If you have stumbled upon any issues with your WordPress website or if you are developing anything for WordPress, you should consider using the built-in debug system in WordPress.
This beginner guide covers everything related to the debugging in WordPress.
From the activation of the debugging, both ways, manual and via a plugin, it also covers the overview of the Query Monitor plugin as it provides more advanced options to debug the WordPress website.
How to enable Debugging manually
You need to be able to access your WordPress website template files, via local file editing, FTP or some control panel File Manager. If you have access, just navigate your editor to the root directory of your WordPress website and find the file wp-config.php and start editing it.
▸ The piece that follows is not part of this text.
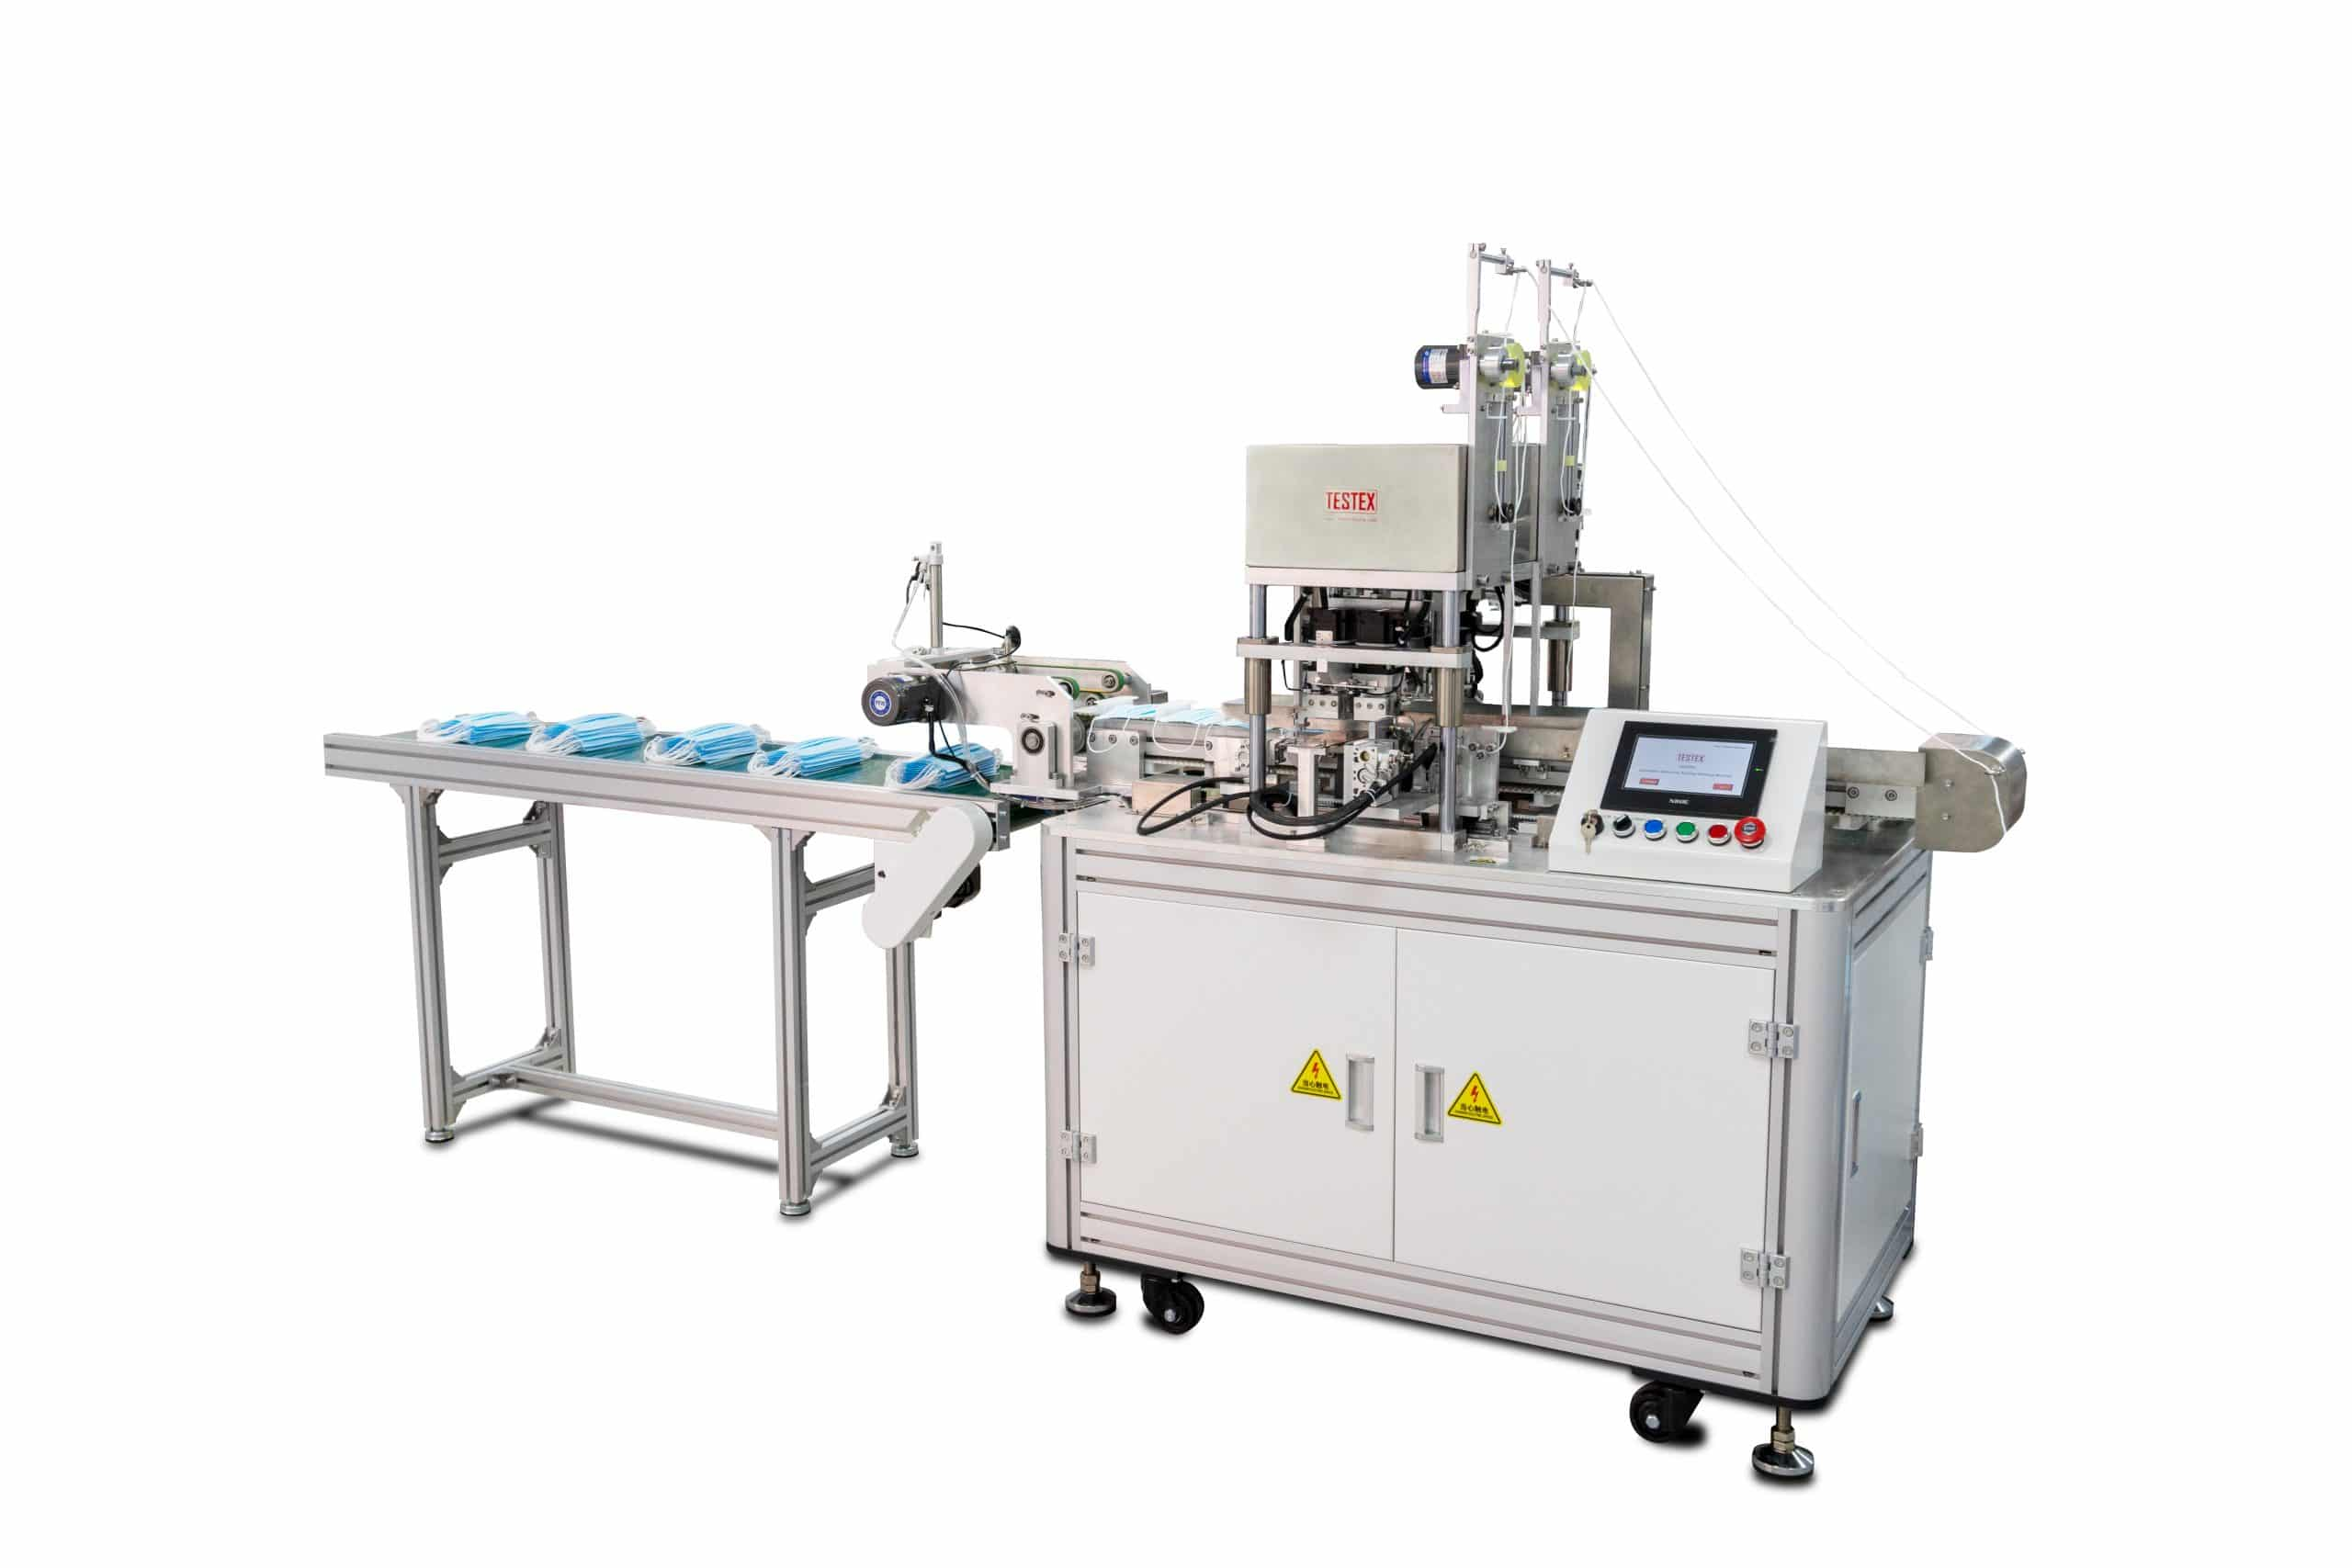 AUW80 Automatic Earloop Welding Machine

After the file open’s up in the editor, just scroll down below and find the line 77 that holds this value below:
define( 'WP_DEBUG', false );
Now, just turn on the debugger by altering the value of false into true. Like this:
define( 'WP_DEBUG', true );
The WordPress should print the error messages and notices at the top of the pages if any at all.
Way to record the debug log
Please do note that you can also record the output of the debugger into a flat-file which can be later inspected or send to developers for a review. To record this, just add these lines below.
define( 'WP_DEBUG_LOG', '/tmp/debug.log' );
Turn off errors and notices for users while debugging
This is crucial if you are running a production website.
We can disable the printing of error messages and notices to the users and admin while keeping the debugger active and recording the data to a log file for inspection.
define( 'WP_DEBUG_DISPLAY', false );
So, after you add this line of code at the end, the errors will only get recorded in the debug.log we created first. Then you can use the text editor or file viewer to see the actual errors and notices and resolve the problem quickly.
Debugging WordPress using plugins
If you don’t have the access to your WordPress template files for some reason or you don’t like to alter the core files, you can also activate the debugging via a plugin.
WP Debug is a simple plugin that will offer you the options page where you can turn any of these values on-off dynamically and without the need to alter the wp-config file at all.
Besides these basic features, it also has some additional functionality like debugging Script errors and it can save queries for later review, this is highly useful if you are developing anything.
You can install it easily from the WordPress admin area. Just head to WordPress admin -> Plugins -> Add new. Here just enter the word “Debug” inside the search form at the right side and wait for results. See this image:
Once the plugin is listed below, click install and activate.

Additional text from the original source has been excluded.